Figure 1 — Internal NLB fronts all apiservers on :6443. Workers and kubectl use the NLB DNS name; dashed purple lines show etcd Raft replication between control-plane nodes.
AWS Objects to Create
Wire these in Terraform (or equivalent) in the same VPC as your control-plane EC2 instances. Use an internal NLB unless you have a deliberate reason to expose the Kubernetes API on the public internet.
| Resource | Key settings | Why it matters |
|---|---|---|
aws_lb | load_balancer_type = "network", internal = true | Layer-4 pass-through to apiserver; stable DNS name for kubeadm. |
aws_lb_target_group | Protocol TCP, port 6443, target type instance | One registered target per control-plane EC2 instance. |
aws_lb_target_group_attachment | Attach each aws_instance.control_plane[*] | NLB only routes to registered, healthy nodes. |
aws_lb_listener | TCP 6443 → target group | Single front door for API traffic. |
| Output | dns_name of the NLB | Becomes controlPlaneEndpoint and join commands. |
| Security group rules | 6443 on control-plane SG | NLB does not attach an SG; instance rules must permit probes and clients. |
Terraform Sketch
Place NLB resources in your cluster module after control-plane instances exist. Register targets by instance ID so replacements re-attach cleanly on the next apply.
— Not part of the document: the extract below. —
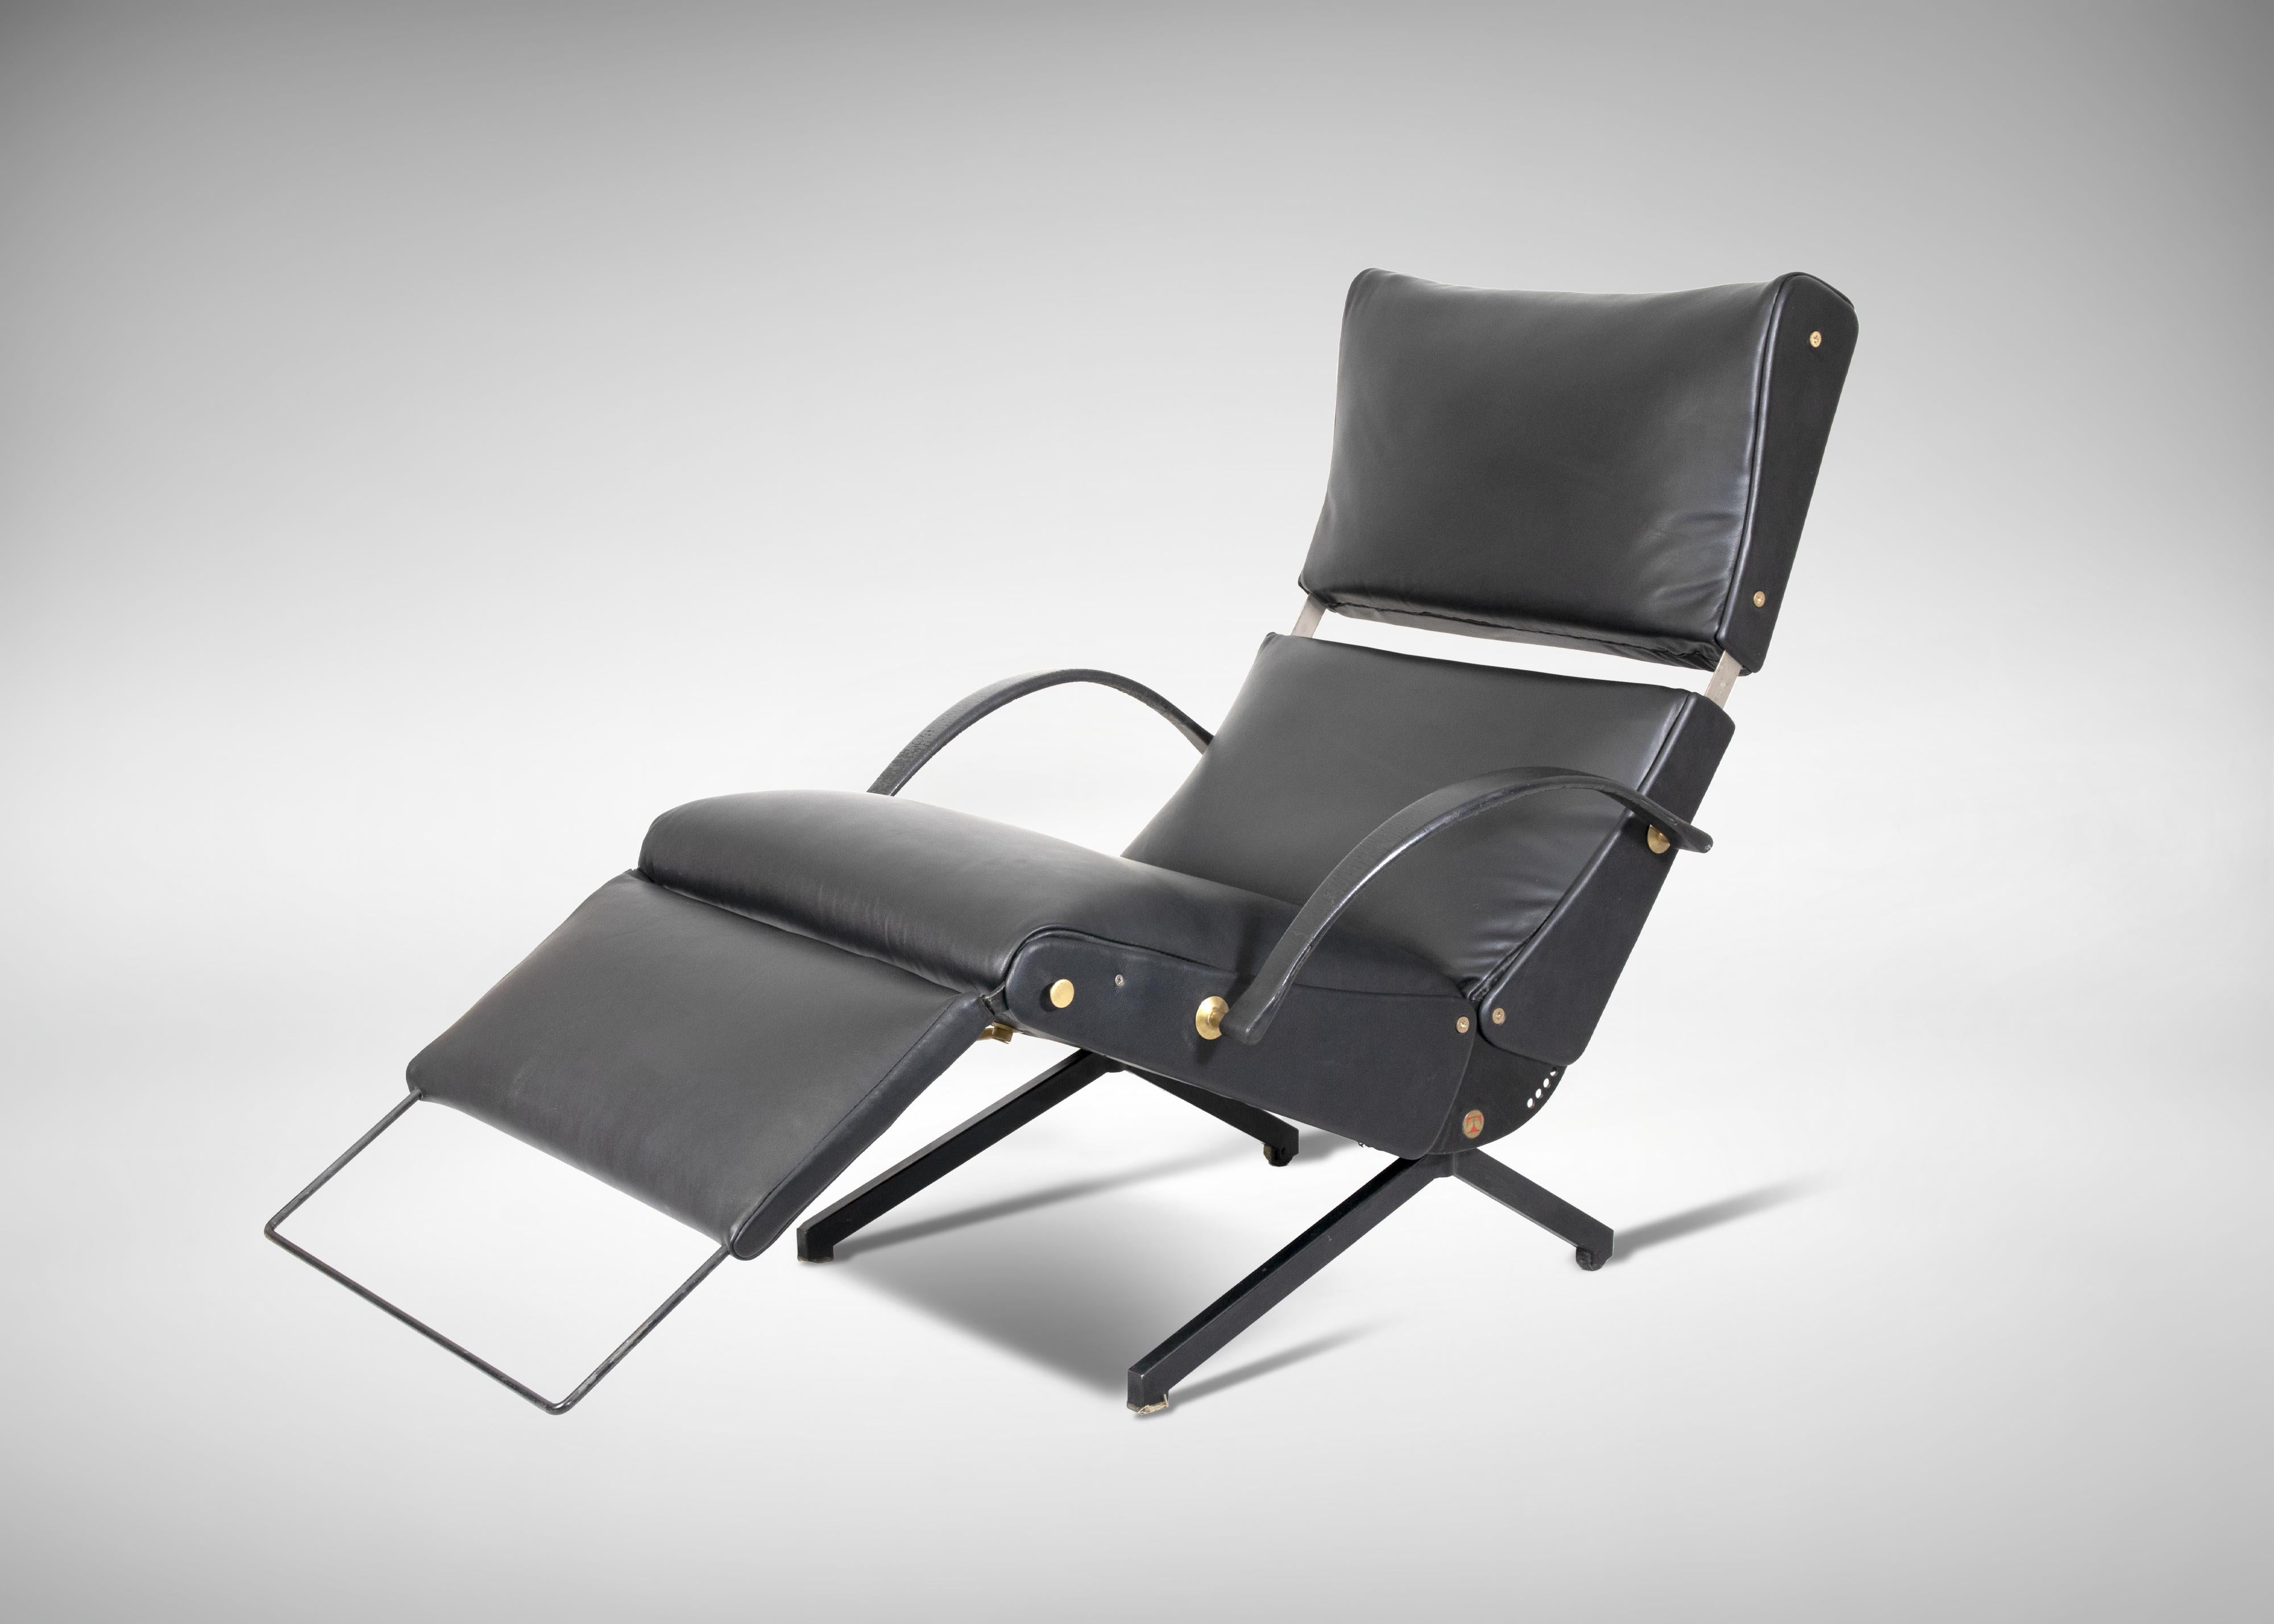 Vintage P40 Verstellbarer Sessel, realisiert von Osvaldo Borsani für Tecno, 1956. Erste Ausgabe dieses kultigen Sessels, in ausgezeichnetem Zustand.
Heute ist das P40 in seiner ersten, bis in die 1960er Jahre produzierten Auflage im MOMA in New York

resource "aws_lb" "control_plane" {
name = "${var.project_name}-cp-nlb"
internal = true
load_balancer_type = "network"
subnets = var.nlb_subnet_ids # private subnets in VPC
enable_cross_zone_load_balancing = true # spread targets across AZs
}
resource "aws_lb_target_group" "control_plane_api" {
name = "${var.project_name}-cp-api"
port = 6443
protocol = "TCP"
vpc_id = var.vpc_id
target_type = "instance"
health_check {
enabled = true
protocol = "TCP"
port = "6443"
}
}
resource "aws_lb_target_group_attachment" "control_plane" {
count = var.control_plane_instance_count
target_group_arn = aws_lb_target_group.control_plane_api.arn
target_id = aws_instance.control_plane[count.index].id
port = 6443
}
resource "aws_lb_listener" "control_plane_api" {
load_balancer_arn = aws_lb.control_plane.arn
port = 6443
protocol = "TCP"
default_action {
type = "forward"
target_group_arn = aws_lb_target_group.control_plane_api.arn
}
}
output "control_plane_endpoint" {
# kubeadm wants host:port — strip scheme if you add https later
value = "${aws_lb.control_plane.dns_name}:6443"
}
Security Groups
After the NLB exists, confirm control-plane instances accept API traffic. A common pattern for a private cluster:
- Workers → API: allow TCP 6443 from the worker security group to the control-plane security group.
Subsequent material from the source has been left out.